◆ Source data
((

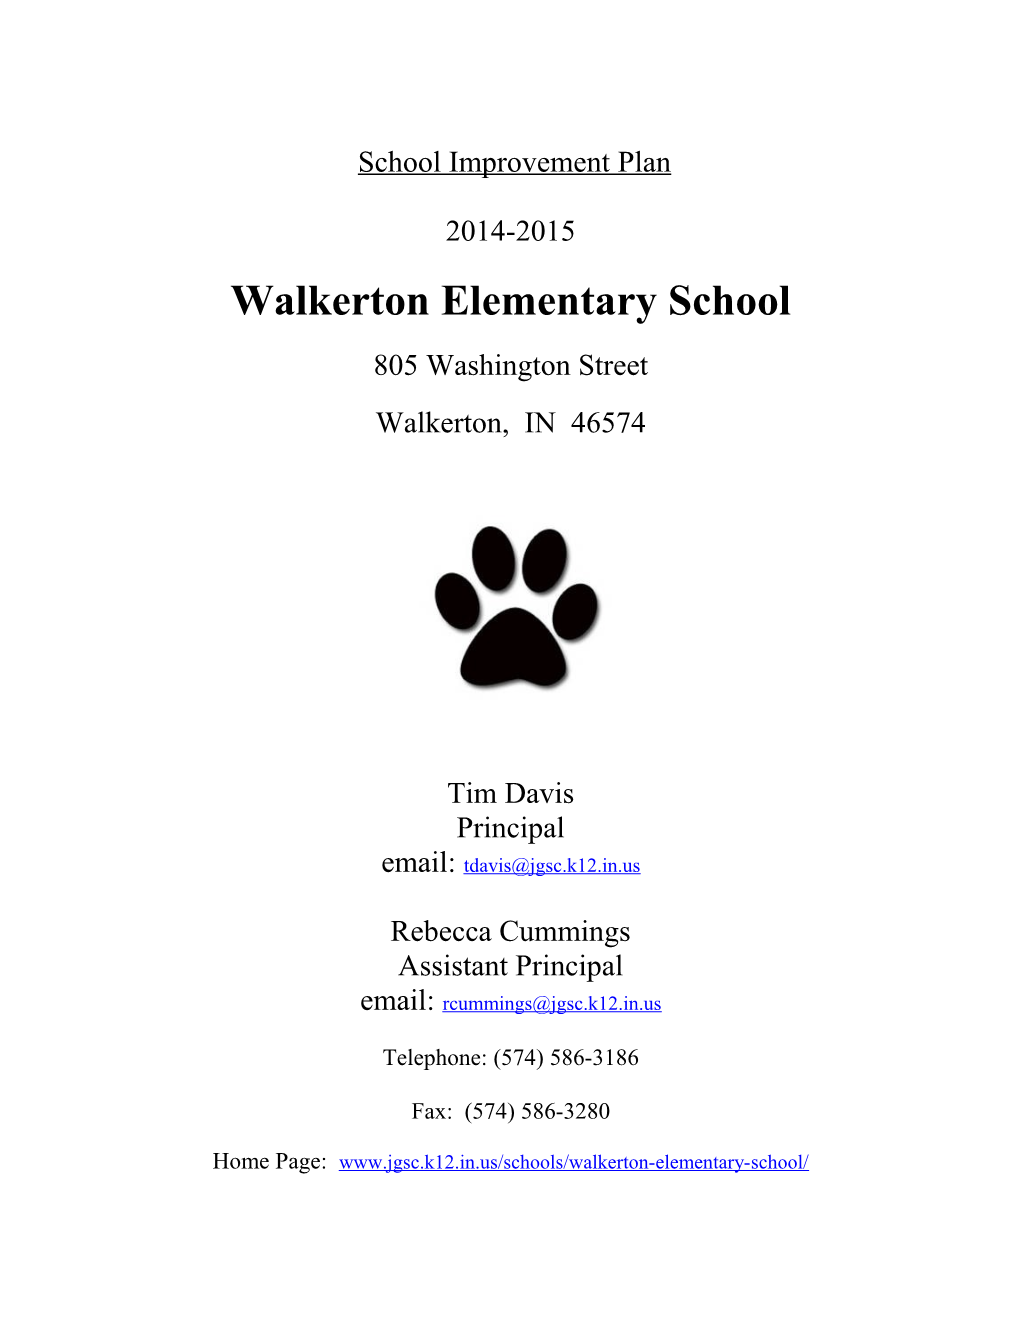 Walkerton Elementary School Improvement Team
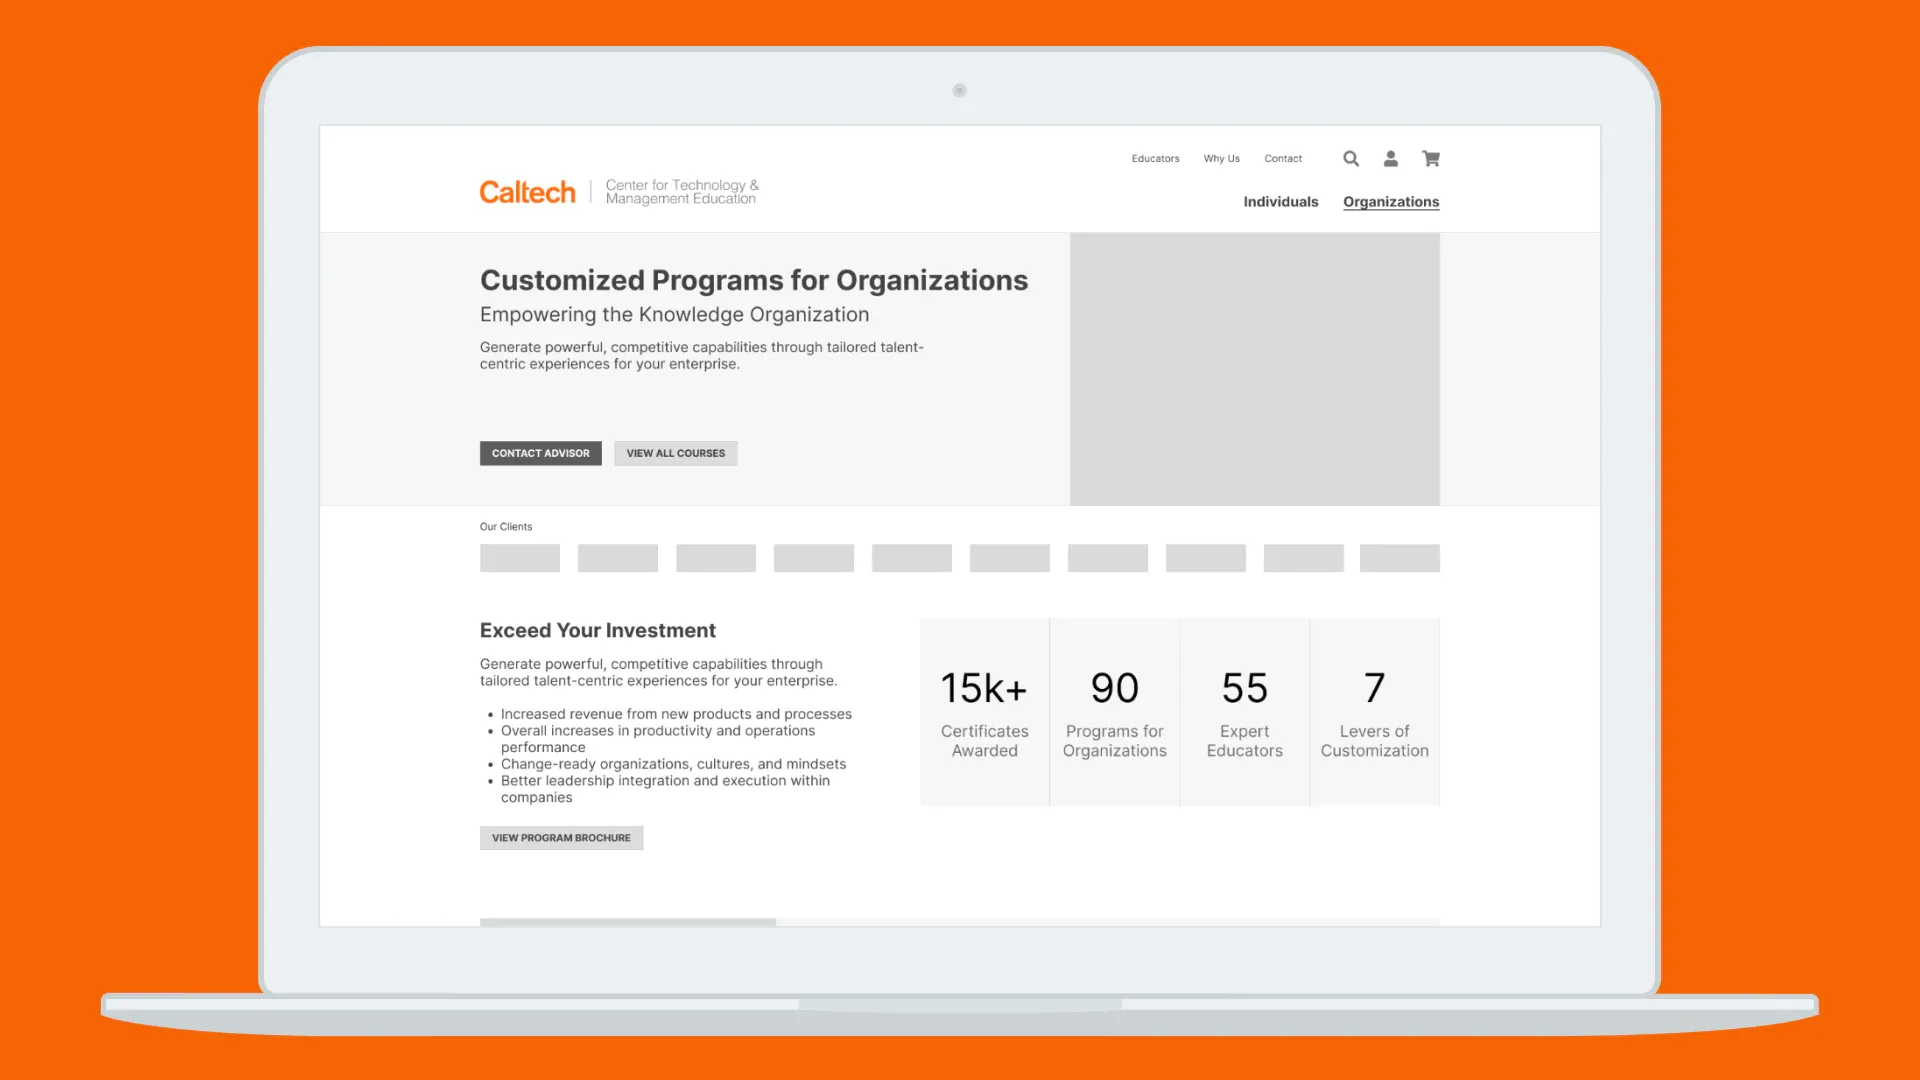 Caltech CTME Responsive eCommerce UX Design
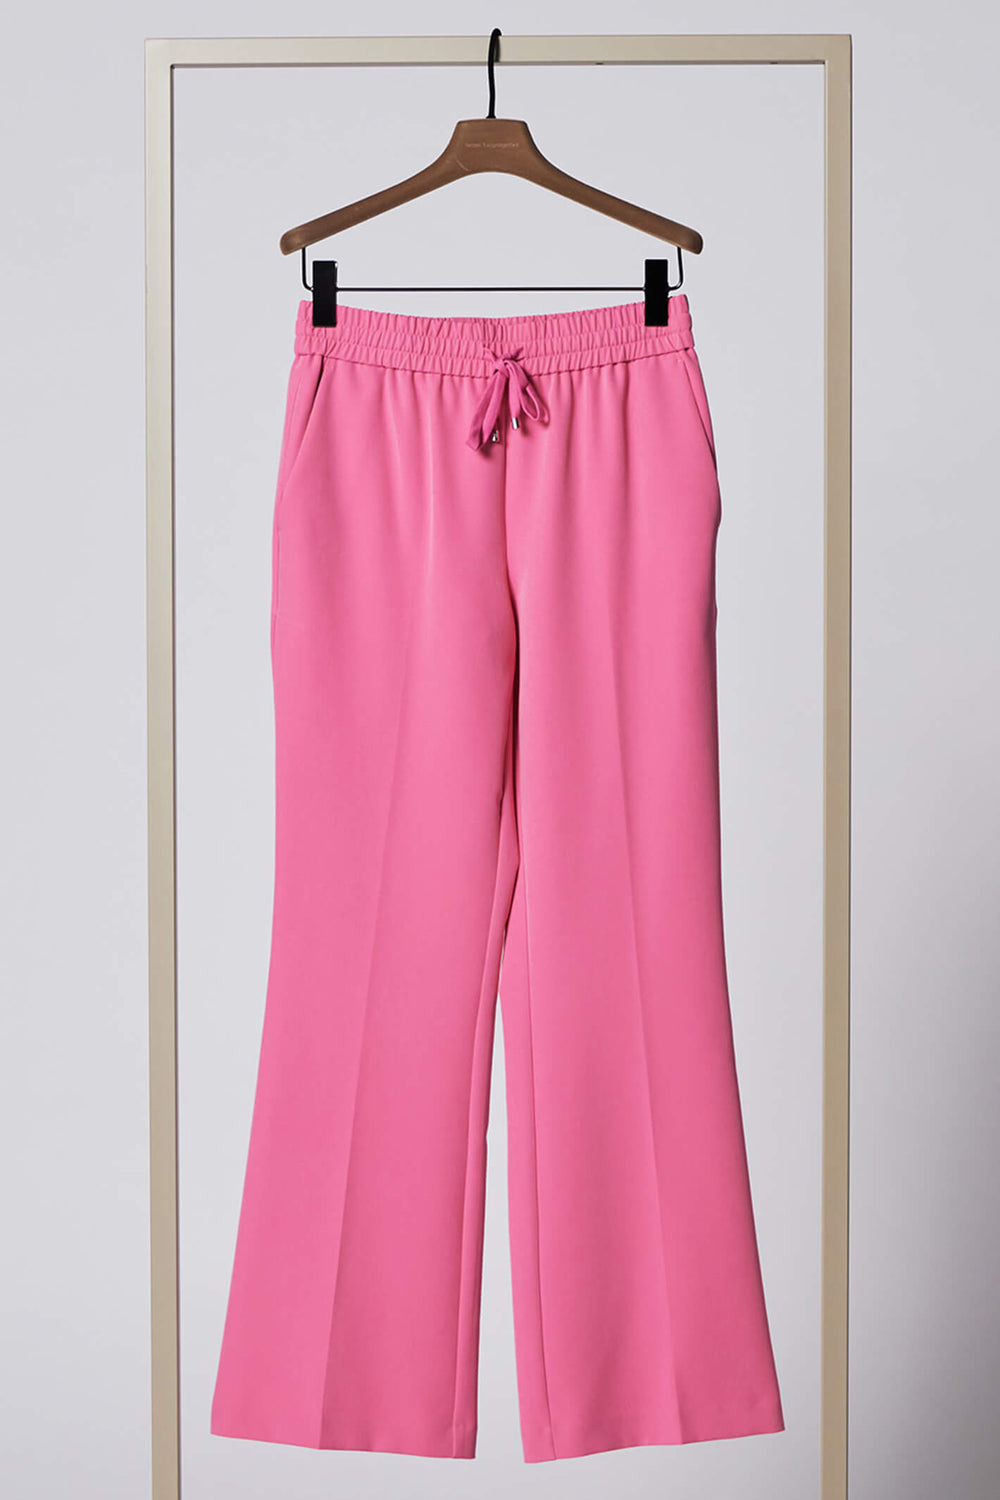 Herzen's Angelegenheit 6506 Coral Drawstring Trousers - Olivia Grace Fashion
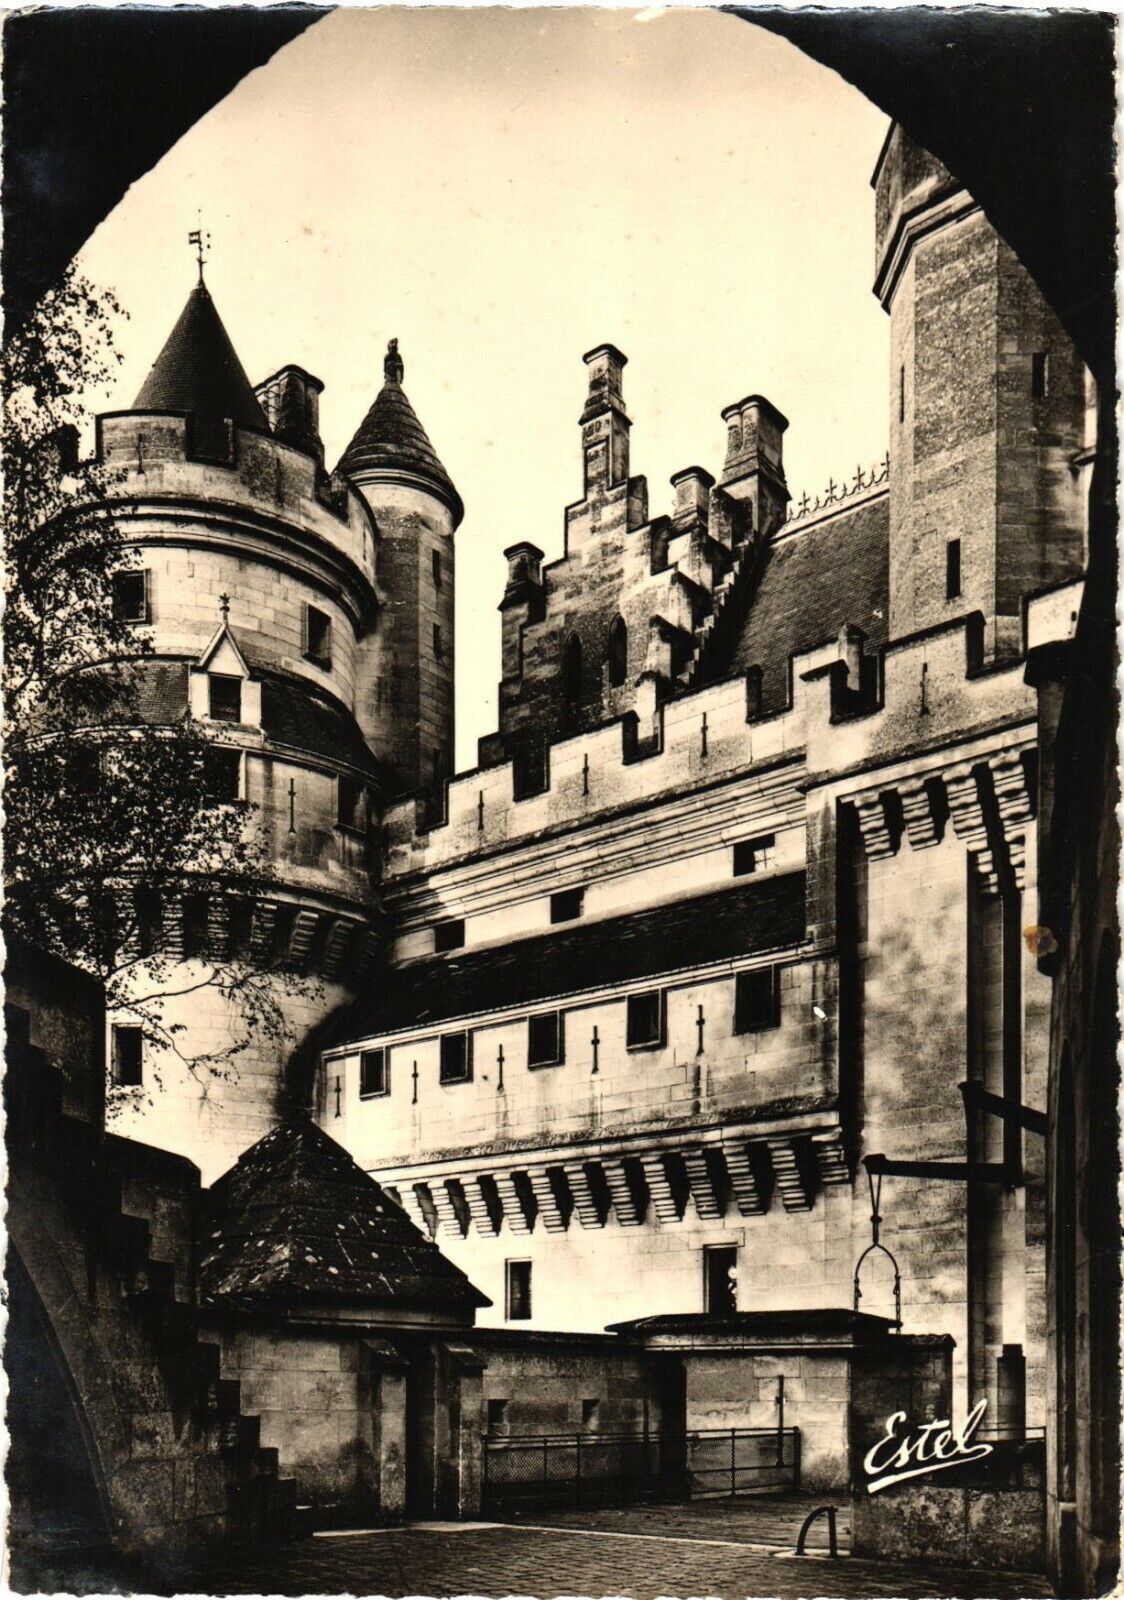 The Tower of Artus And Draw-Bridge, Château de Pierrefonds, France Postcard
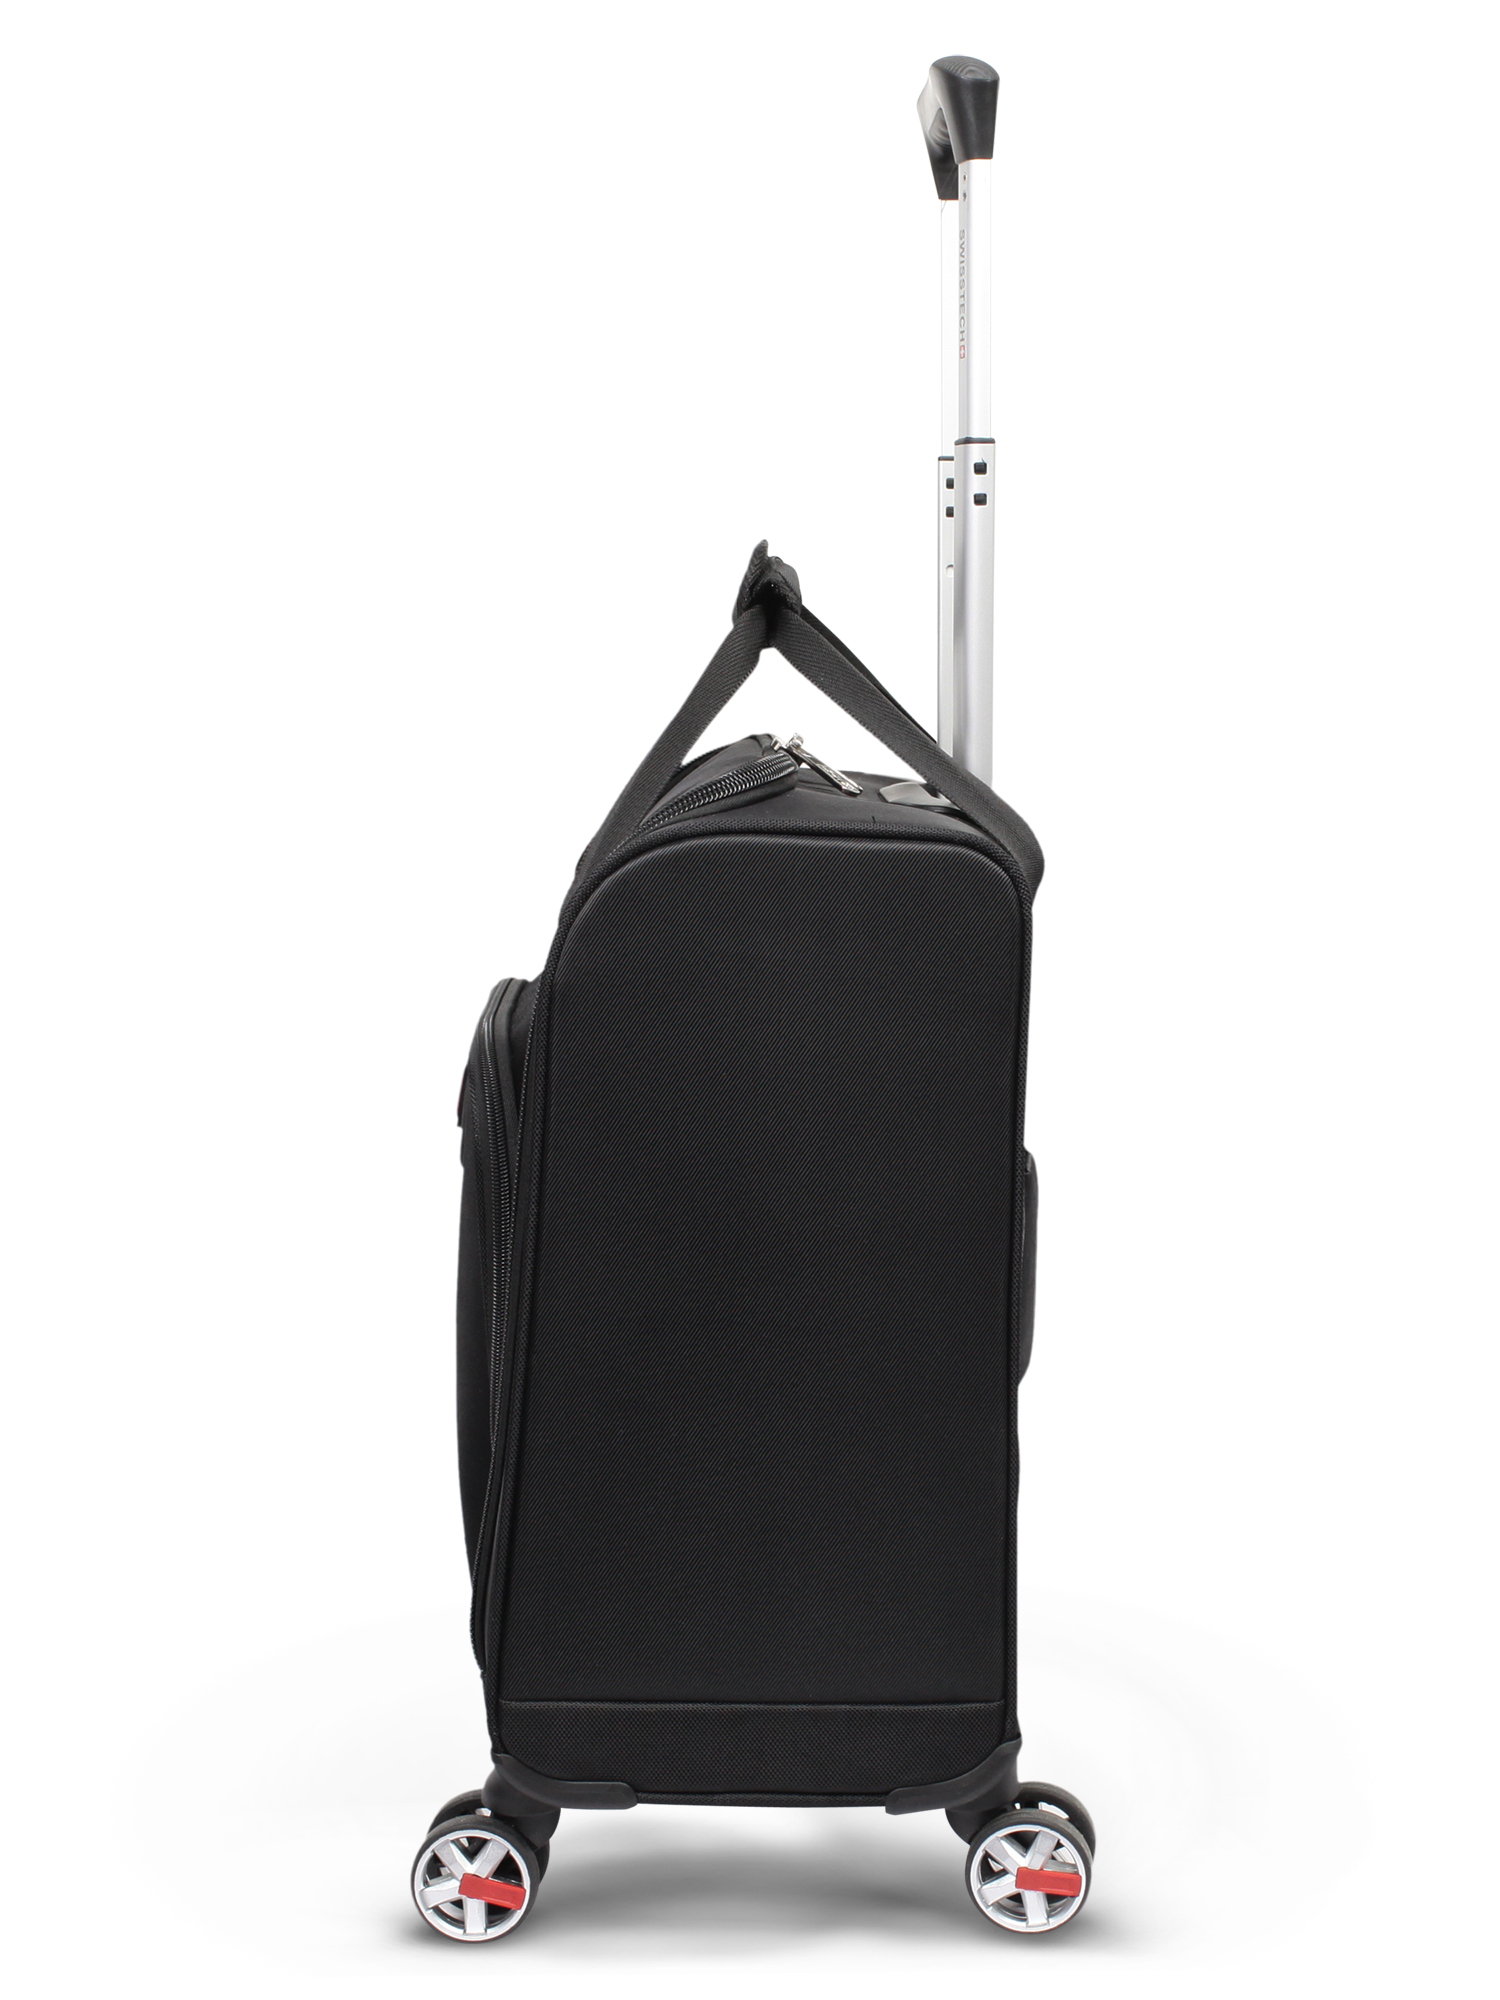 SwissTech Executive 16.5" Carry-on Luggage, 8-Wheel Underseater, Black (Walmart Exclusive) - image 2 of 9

))

Each line above gets copied exactly; leave the pictures out.

 Walkerton Elementary School Improvement Team
 Caltech CTME Responsive eCommerce UX Design
 Herzen's Angelegenheit 6506 Coral Drawstring Trousers - Olivia Grace Fashion
 The Tower of Artus And Draw-Bridge, Château de Pierrefonds, France Postcard
 SwissTech Executive 16.5" Carry-on Luggage, 8-Wheel Underseater, Black (Walmart Exclusive) - image 2 of 9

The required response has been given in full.